N8.41tn oil theft drains economy, fuels investor doubts

Nigeria lost crude oil valued at a staggering N8.41tn to theft and metering deficiencies between 2021 and July 2025, according to the latest data sourced from the Nigerian Upstream Petroleum Regulatory Commission.
Although the regulator celebrated recent progress in reducing daily losses to their lowest levels in nearly 16 years, experts warn that the cumulative economic toll remains devastating and exposes governance failures in the oil sector.
NUPRC’s analysis showed that Nigeria lost 37.6 million barrels of crude in 2021, 20.9 million barrels in 2022, 4.3 million barrels in 2023, 4.1 million barrels in 2024, and 2.04 million barrels between January and July 2025.
Using Statista’s average Brent crude prices, these losses translate to: $2.66bn in 2021 (37.6m barrels at $70.86 each); $2.11bn in 2022 (20.9m barrels at $100.93 each); $355.7m in 2023 (4.3m barrels at $82.49 each); $330.3m in 2024 (4.1m barrels at $80.56 each); and $146.5m in January–July 2025 (2.04m barrels at $71.79 each).
In total, the losses amounted to $5.61bn, equivalent to N8.41tn at the current exchange rate of about N1,500/$. To put this into perspective, the stolen value could have built 56,074 primary health centres (at N150m each); funded 129,401 classroom blocks (at N65m each); and constructed 10,191 kilometres of roads (at N825m/km).
By comparison, the Federal Government allocated just N1tn for 468 road projects in the 2025 budget—barely one-eighth of the value of oil losses in four and a half years. The N8.41tn also exceeds the entire N2.48tn health budget and nearly triples the N3.52tn education budget for 2025.
Energy experts, however, said the sheer scale of past losses highlights the massive development opportunities squandered. United States–based oil and gas consultant Chukwuma Atuanya said while the reduction to 2.04 million barrels in the first seven months of 2025 represents progress, Nigeria still lags behind its production targets.

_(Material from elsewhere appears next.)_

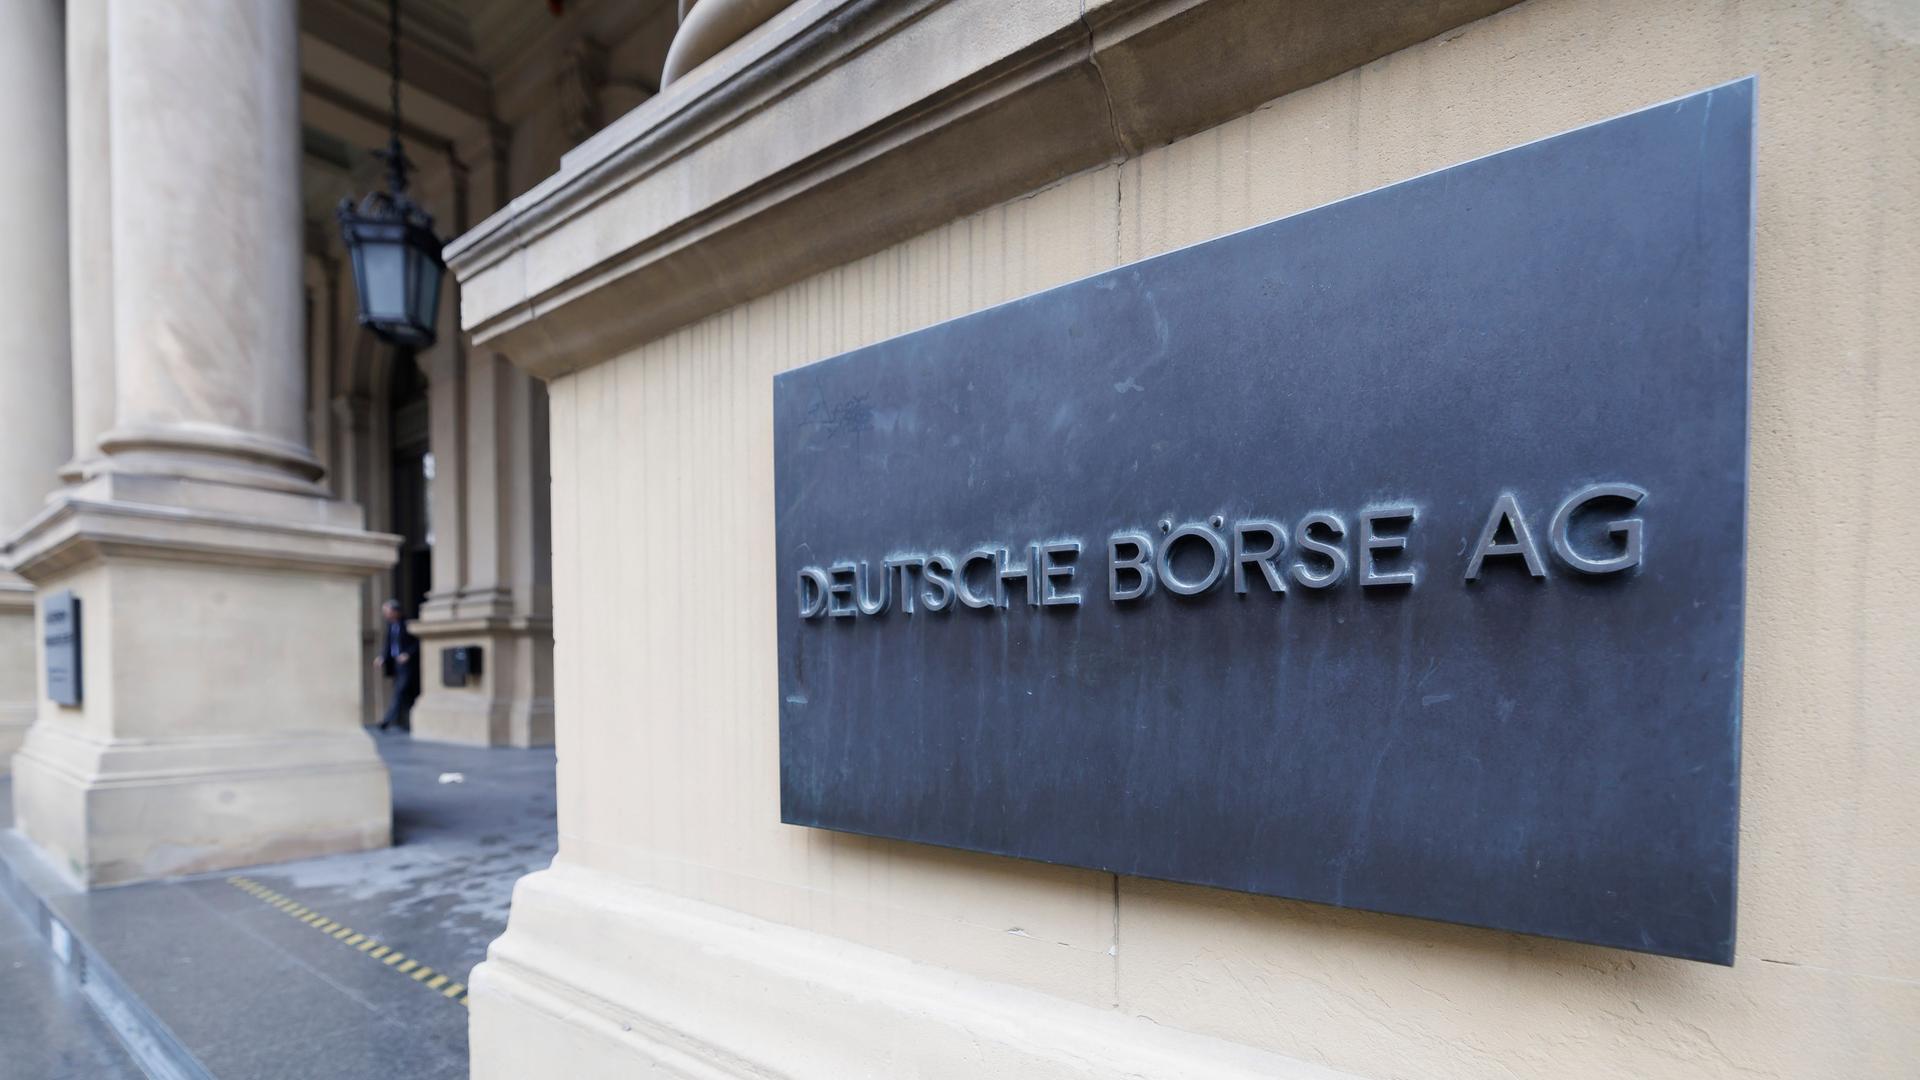 Der Schriftzug Deutsche Börse AG ist an der Fassade des Gebäudes zu lesen.

“The country still needs an additional 400,000 bpd to reach the 2 million bpd target by December 2025. Losses of 9,600 bpd are still significant,” he said. Atuanya credited improvements to intensified military operations, metering upgrades, unmanned surveillance systems, and community involvement. Yet, he warned that theft continues to sap foreign exchange earnings, undermine budgets, weaken the naira, and scare away investors.
“Oil theft causes massive revenue losses and budget underperformance. It fuels currency devaluation and economic instability. It also discourages investment, since uncertainty over actual export volumes undermines confidence,” he explained.